Бактериальная металлопротеаза ЕСР32/гримелизин ограниченно расщепляет актин в единственном сайте между Gly42 и Val43 (Khaitlina et al., 1991), протеолиз актина приводит к обратимому сдвигу равновесия в растворе в сторону образования G-актина. При исследовании свойств этой протеазы было показано, что непатогенные бактерии-продуценты протеазы ЕСР32/гримелизин S. grimesii способны проникать в клетки эукариот и вызывать реорганизацию их цитоскелета (Efremova et al., 2001, Bozhokina et al., 2008). Бактерии рода Serratia являются факультативными патогенами, часто вызывающими больничные инфекции, механизм которых неизвестен. Поэтому обнаружение еще в одном виде Serratia, S. proteamaculans 94, металлопротеазы протеализин, отличающейся от ЕСР32/гримелизина на 8 аминокислотных замен (Demidyuk et al., 2006; Bozhokina et al., 2008), поставило вопрос о субстратной специфичности протеализина и его функциях в бактериях-продуцентах.

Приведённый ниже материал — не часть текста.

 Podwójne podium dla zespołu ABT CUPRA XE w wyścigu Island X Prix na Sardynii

Оказалось, что бактерии S. proteamaculans способны проникать в клетки эукариот, но только на поздней стационарной стадии роста. При этом появление инвазивной активности совпадает с появлением активного протеализина в бактериальных экстрактах. Более того, неинвазивные бактерии Е. coli приобретали способность проникать в клетки эукариот после трансформации плазмидой, несущей ген протеализина. Для инвазии рекомбинантных Е. coli, продуцентов протеализина, достаточно даже синтеза мутантного протеализина с точечной мутацией в активном центре, который слабо расщепляет актин.

Однако инактивация гена протеализина в S. proteamaculans 94 pln" не привела к потере бактериями инвазивной активности. Это не отрицает участия протеализина в механизме инвазии S. proteamaculans 94. Известны случаи, когда при смене условий роста бактерий выключается один механизм инвазии и активируется другой механизм (Eitel, Dersch, 2002).

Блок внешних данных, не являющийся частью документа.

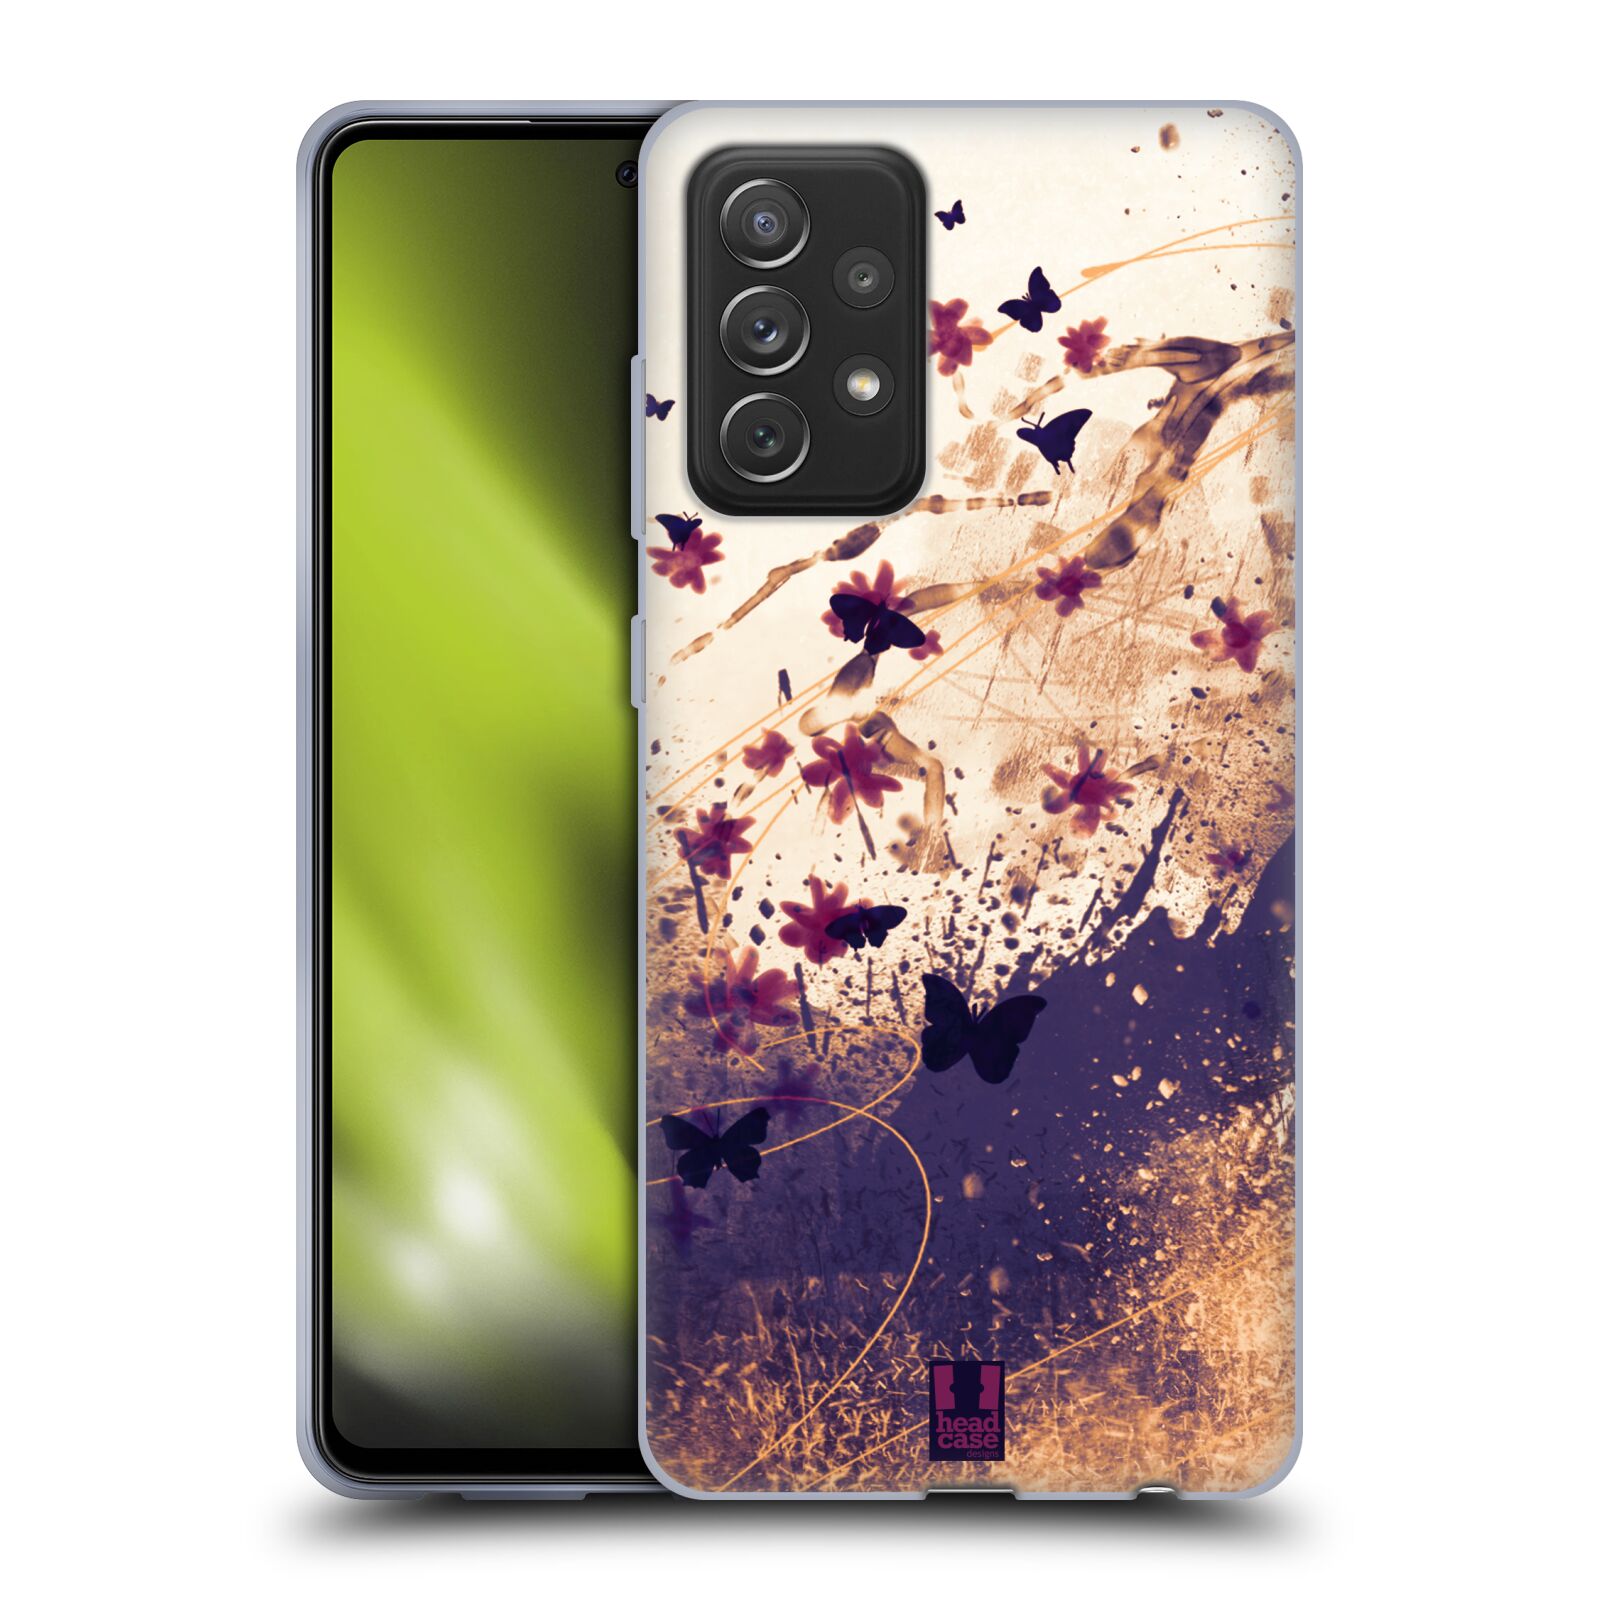 Zadní obal pro mobil Samsung Galaxy A72 / A72 5G - HEAD CASE - Barevné květy a motýlci

Следующим стал вопрос о локализации мишени действия протеализина во время инвазии бактерий-продуцентов. Оказалось, что за время инкубации клеток Balb ЗТЗ SV40 с бактериями протеализин попадает во внеклеточную среду и в клетку-хозяина. Во внеклеточной среде протеализин может быть активатором матриксной металлопротеазы, таким образом способствуя инвазии бактерий-продуцентов. Однако добавление фермента в среду во время инкубации неинвазивных Е. coli не приводит к проникновению бактерий в клетки эукариот. По-видимому, мишень действия протеализина расположена в клетке-хозяине, и наиболее вероятной мишенью протеализина в клетках эукариот является актин.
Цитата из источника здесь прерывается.